PROVIDED DATA>
:::::

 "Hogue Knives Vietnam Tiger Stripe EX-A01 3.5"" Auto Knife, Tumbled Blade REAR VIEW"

:::::

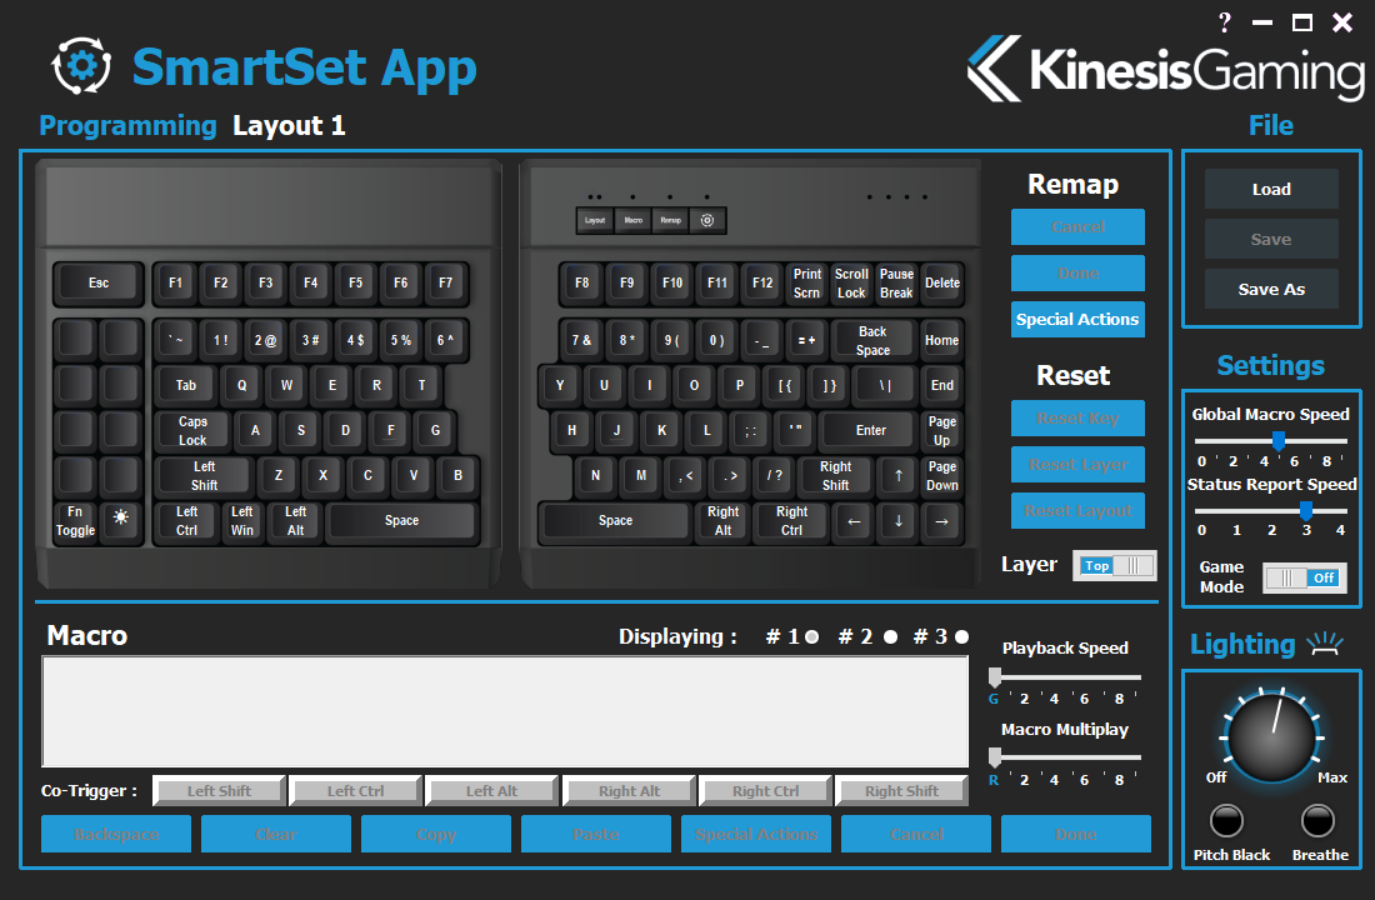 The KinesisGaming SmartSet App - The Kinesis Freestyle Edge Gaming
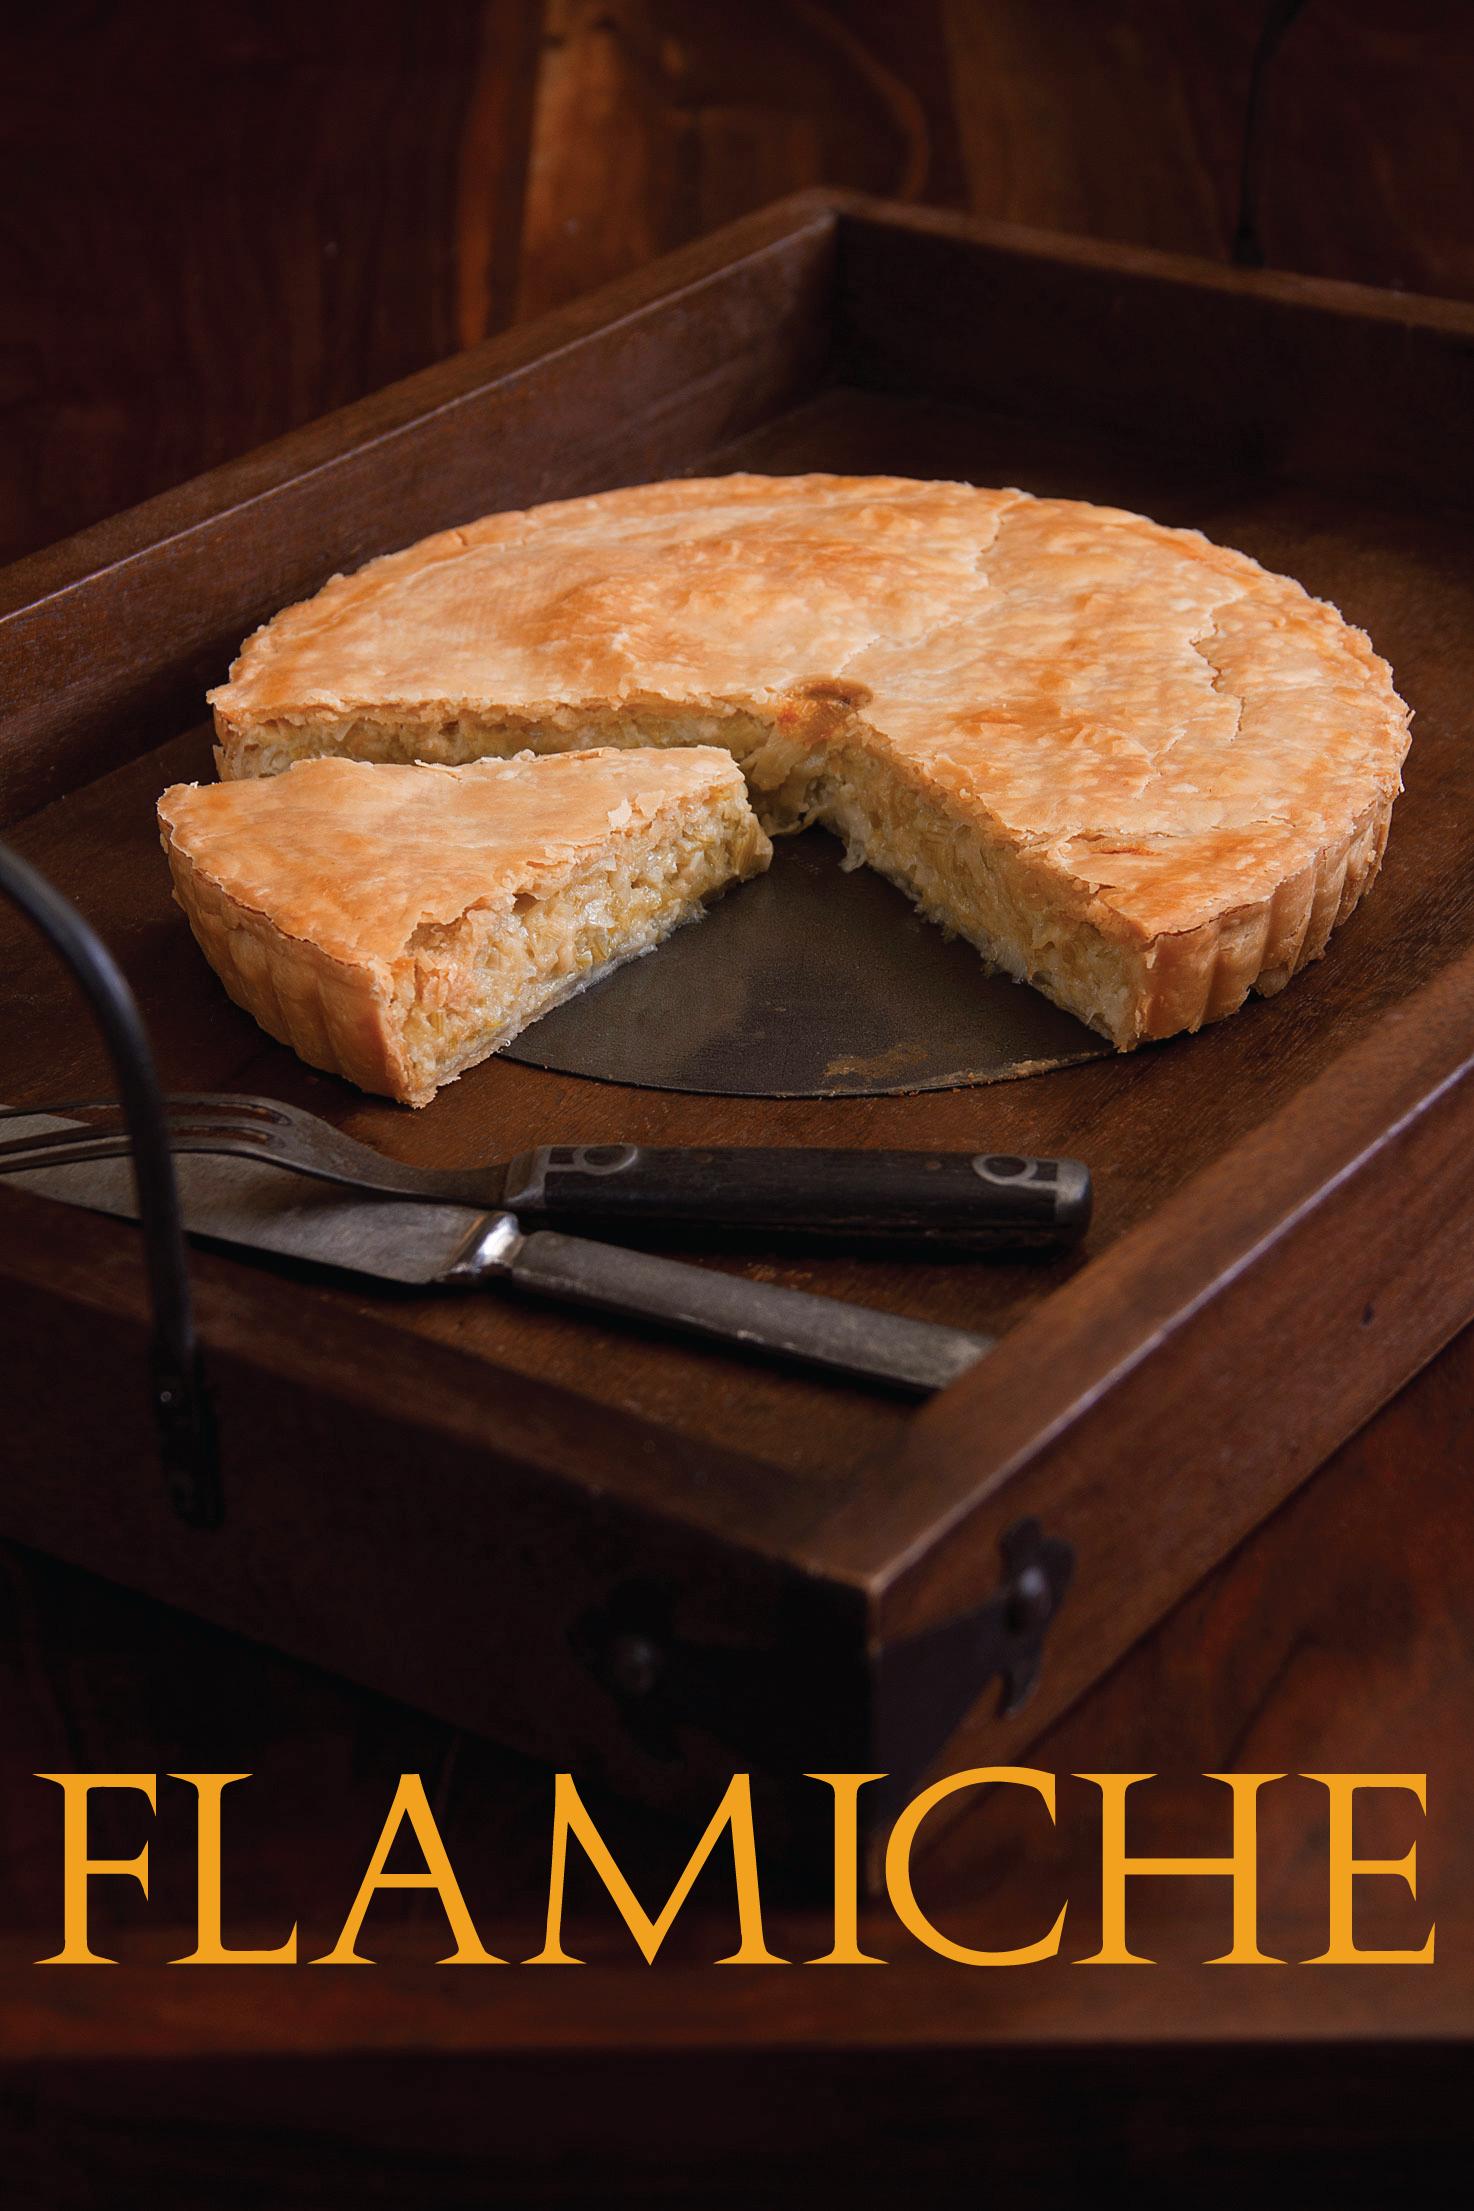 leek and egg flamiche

:::::

WHAT NEEDS TO BE DONE>
Transcribe exactly the lines above, beginning at the one with "The KinesisGaming SmartSet" and going up to and including the one with "leek and egg flamiche". Pictures do not belong in the copy.

FINAL ANSWER>
 The KinesisGaming SmartSet App - The Kinesis Freestyle Edge Gaming
 leek and egg flamiche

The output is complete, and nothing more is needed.